By the end of this year I will have completed two years of Spanish at university level here in Australia, which will be far from fluent, but enough to get me by when I first arrive. (hopefully ) Improving my language, communicating with the locals and achieving fluency is a big reason for taking this exchange. Infact, I can theoretically choose any country in the world but picking Spain and improving my skills actually gives it more of a purpose and makes it seem more worthwhile/rewarding. So I want to return from my exchange not necessarily being 100% fluent, but at least feeling pretty close.
Having said this, at the end of the day I also have to live in the city for 12 months. I don’t want to return home being fluent in Spanish but also having spent 6 months being really bored. Another factor is that my fiancé will be accompanying me, and her Spanish is, at this point, non-existent haha. (She does want to learn the language and will take some courses over here before we go, and continue them over there) so a bigger city with more to do may keep her entertained while she learns rather than being in a smaller town and feeling completely isolated and homesick. 
Ideally neither of us will need to work, we’re not planning on it, but if the option was there it would be a plus, mainly for the reason that it would give my fiancé something to do. We don’t plan on buying a car while over there so for this reason we are hoping for accommodation no more than 1000Euro per month and as close to the city as possible. Decent public transport will probably save us a lot of stress haha and obviously a city where there’s always something for us to do! Somewhere that we can fall in love with and not get bored. 

*Barcelona*
My initial choice was Barcelona, mainly because it offers some university courses in English which will be good for me when I first arrive. I have researched Barcelona more than the other cities and identified Gracia as a possible barrio to live. I am obviously aware that in Barcelona they speak Catalan however I have now come across so many different opinions that I’m very confused. I understand that everyone over there can speak Castellano as well as Catalan, but I’m concerned with how much I will be “surrounded” by the language, i.e., how likely am I to achieve fluency?? 

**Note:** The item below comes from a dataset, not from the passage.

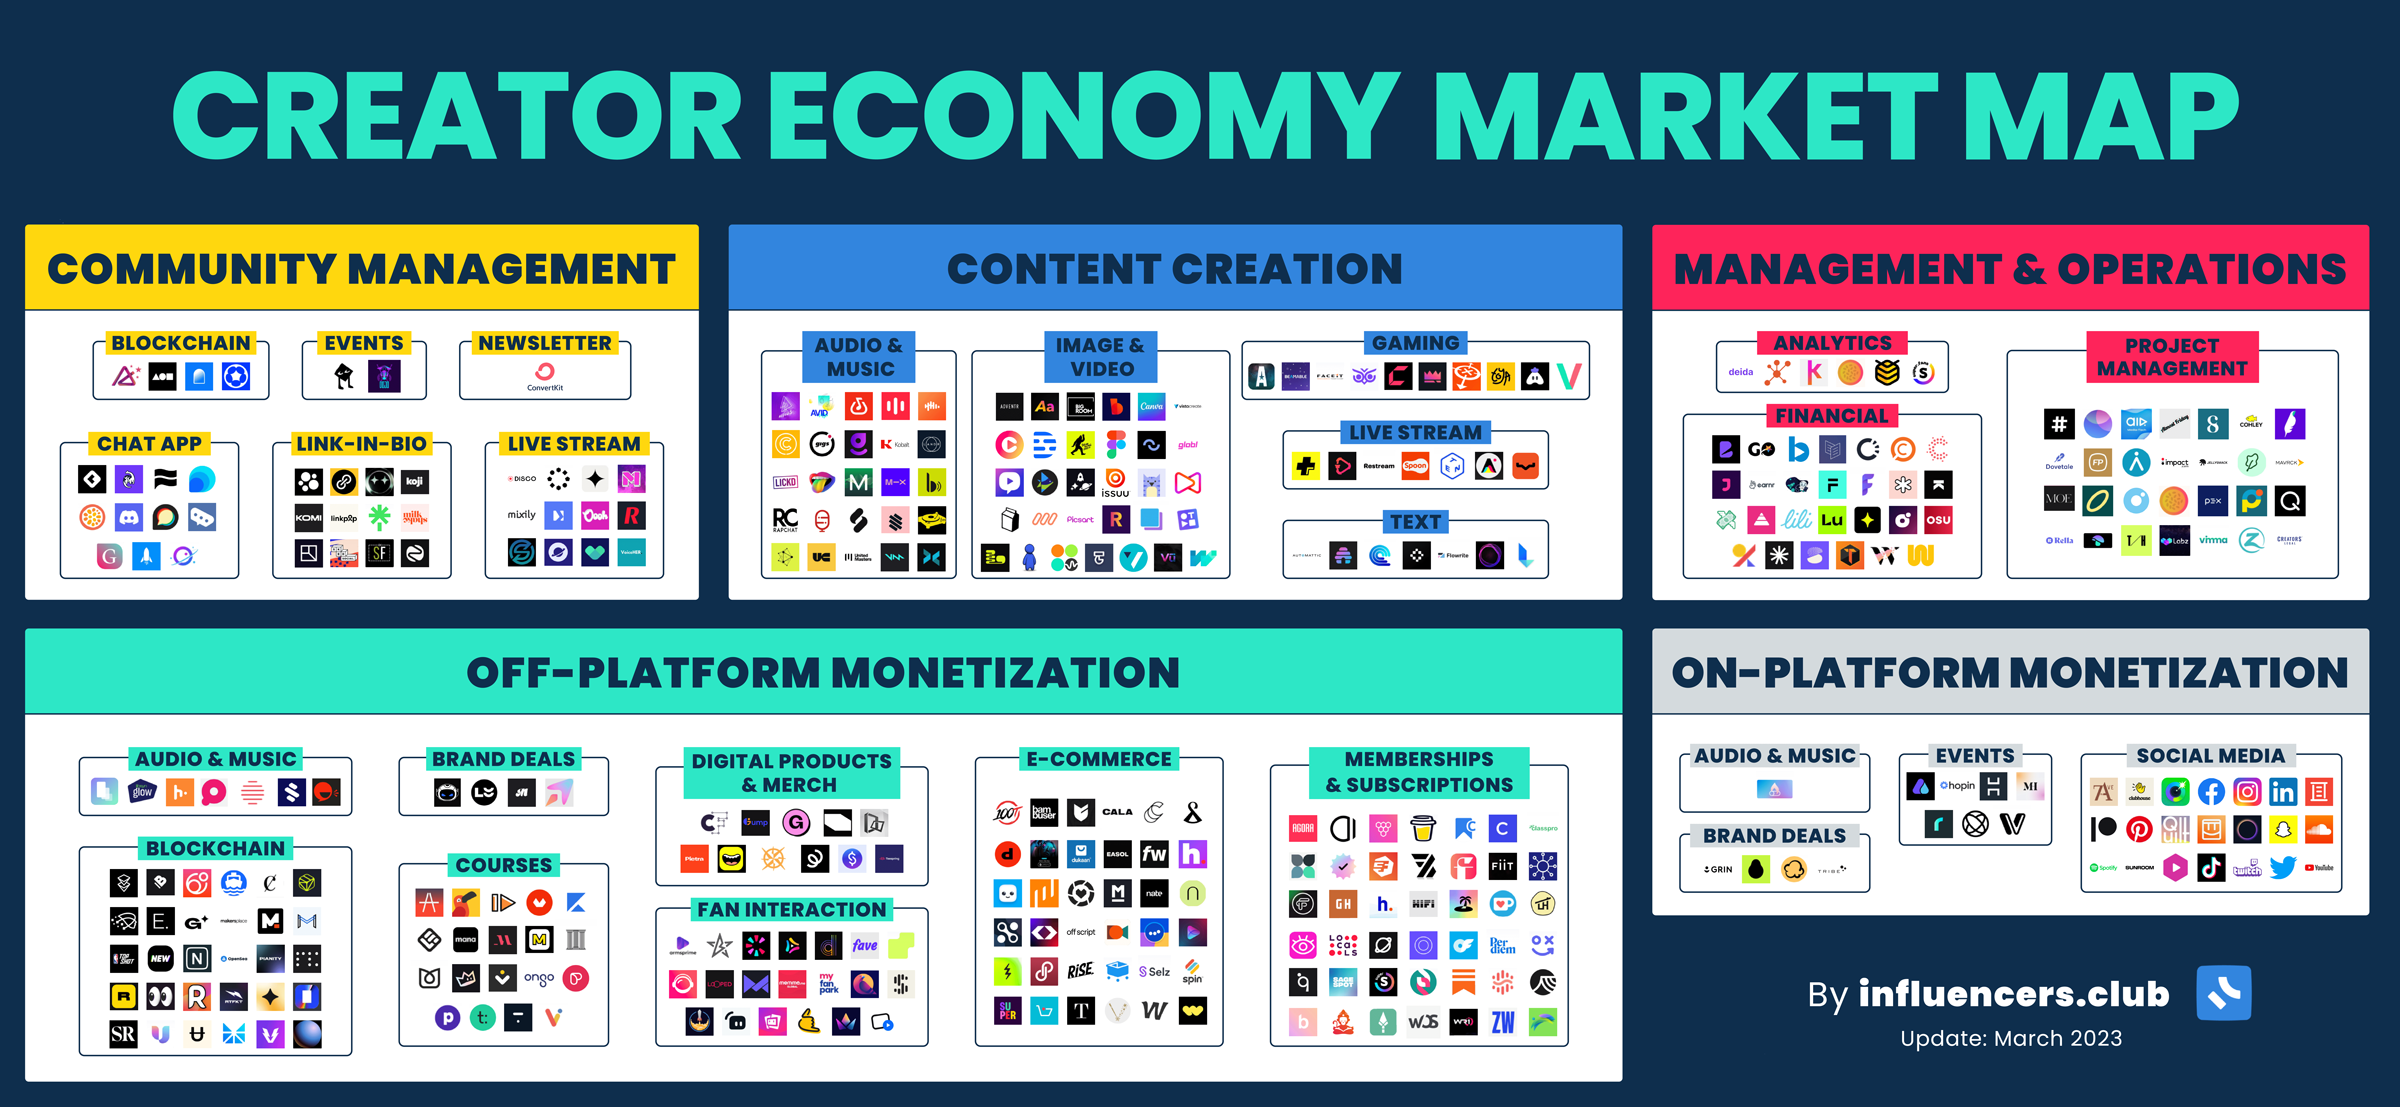 Instagram Data for the Creator Economy

Some people have said that locals would rather address me in English if they can tell I don’t speak Catalan and even if I try to speak Castellano, they will still speak English. Others have said it’s a terrible city to learn from scratch, but if you have some background knowledge then you can definitely improve your skills dramatically. I have read I won’t learn anything at all and will just be recycling what I already know. I have also read that nowadays Castellano is heard more and more, and that at university the other students will be speaking in Castellano, and when I walk down the street I will hear Castellano, the TVs and newspapers are in Castellano, etc. Are food labels and what not in Castellano? I have no problem learning a bit of Catalan but I really want to get to practice my Castellano and not feel like I’m forcing other people to speak it with me. 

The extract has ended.